Julie Perin, en dépit sa jeunesse, fait preuve d’une lucidité exemplaire et d’une force intense de reprise de tous les motifs. Elle met à mal les stratégies de la persuasion et du racolage. Elle provoque des effets de distance : périphérie par rapport au centre, déplacement des lieux de fantasme du corps féminin vers des points excentrés et ironiques. L’œuvre devient un miroir particulier. Il ne réfléchit pas une image, il fait réfléchir celle ou celui qui la regarde. Bref le miroir divise. Le réel est objet de perdition et le corps voilé ouvre à une tentation particulière. D’une main l’artiste tend le miroir, de l’autre elle le fait trembler.
L’artiste a le mérite de ne jamais sacrifier les détails. Elle les préfère aux vues d’ensembles. Non les murs : les pierres. Non le corps : les stigmates. L’œil vise mais la cible échappe au centre… S’y laissent la proie pour l’ombre, l’ange pour l’animal. Tournant le dos au simple charme Julie Perin en n’écarte pas pour autant toutes de traces. Elles représentent le spectre fardé d’un autre qui n’est pas. Et ce afin de rendre inopérant toute ressemblance. Ni Narcisse ni Méduse ne peuvent y trouver leur compte. Il y a ainsi un moment où le premier ne possède plus de nom et où la seconde joue plus les punks iconoclastes que les filles de l’air romantiques.
L’artiste explore des lieux de passage, sans charme (ou avec…).
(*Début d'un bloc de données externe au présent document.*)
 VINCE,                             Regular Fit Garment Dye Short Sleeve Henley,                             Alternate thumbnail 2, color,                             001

Ils prennent une nouvelle perspective grâce au système de signes parfois faussement réalistes, parfois quasi conceptuels. Il s’agit d’une manière de mettre à mal la misère ornementale. Elle se réduit dans l’œuvre à de simples armatures ou « ossements » graphiques. Ils regorgent toutefois d'une troublante curiosité. Face à l'immense braderie des images l’artiste crée une archéologie des signes. La banalité n’est plus reléguée loin des axes visibles de pénétration. Et la société de consommation en prend pour son grade. Sur le gâchis, la destruction comme sur la parade l’artiste monte des temples paradoxaux et dégradés, de nouveaux "décors" Il suffit d'un petit espace vierge de papier pour que Julie Perin vienne l’habiter afin de s’inscrire en faux contre la laideur affichée. Ses dessins ou ses prises ont leur valeur de paradis artificiels.
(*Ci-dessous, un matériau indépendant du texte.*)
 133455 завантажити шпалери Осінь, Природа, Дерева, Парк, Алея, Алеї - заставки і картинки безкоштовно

Aussi baroque qu'austère, avide du rien et du trop-plein l’œuvre invente un amalgame à la fois cohérent et hétéroclite. Surgit un travail d’écart postmoderne. Une périphérie de la périphérie. Sans formalisme marqué par un seul registre ou genre l’artiste souligne l'a-morphisme du monde. Les structures volontairement sommaires mais essentielles ne dupliquent jamais des recettes déjà vues. Les scénarisations minimalismes possèdent un enrichissement maximum. Du paysage il n'est alors plus question. On le biffe, on le raye, on fait une croix dessus. Il s’ouvre à un autre esprit de compréhension.
Par les dessins de Julie Perin le spectateur est confronté à l'espace intérieur et à l'espace extérieur. A ce qu'il croit être dedans, à ce qu'il croit être dehors: "Etre" devient en conséquence la réalité commune. La créatrice met du paysage dans du paysage, de l’espace dans l’espace, de la matière dans la matière. Ses œuvres même les plus « abstraites » sont un point de vue comme la réalité elle-même est un point de vue. Quant à certaines « caricatures » de l’artiste on se demande qui, en elles, est miroir de qui. Un monde s'installe dans un autre. Parfois il n’y a plus rien de tangible. Tout s'écroule, et même pour tout dire, il n’est pas certain que l’artiste est sure d'avoir jamais aperçu quelque chose. Sinon des bribes ou bien une ombre qu’elle peut suivre du crayon ou de la main qui modèle, met en scène avant de capter et finaliser le mystère.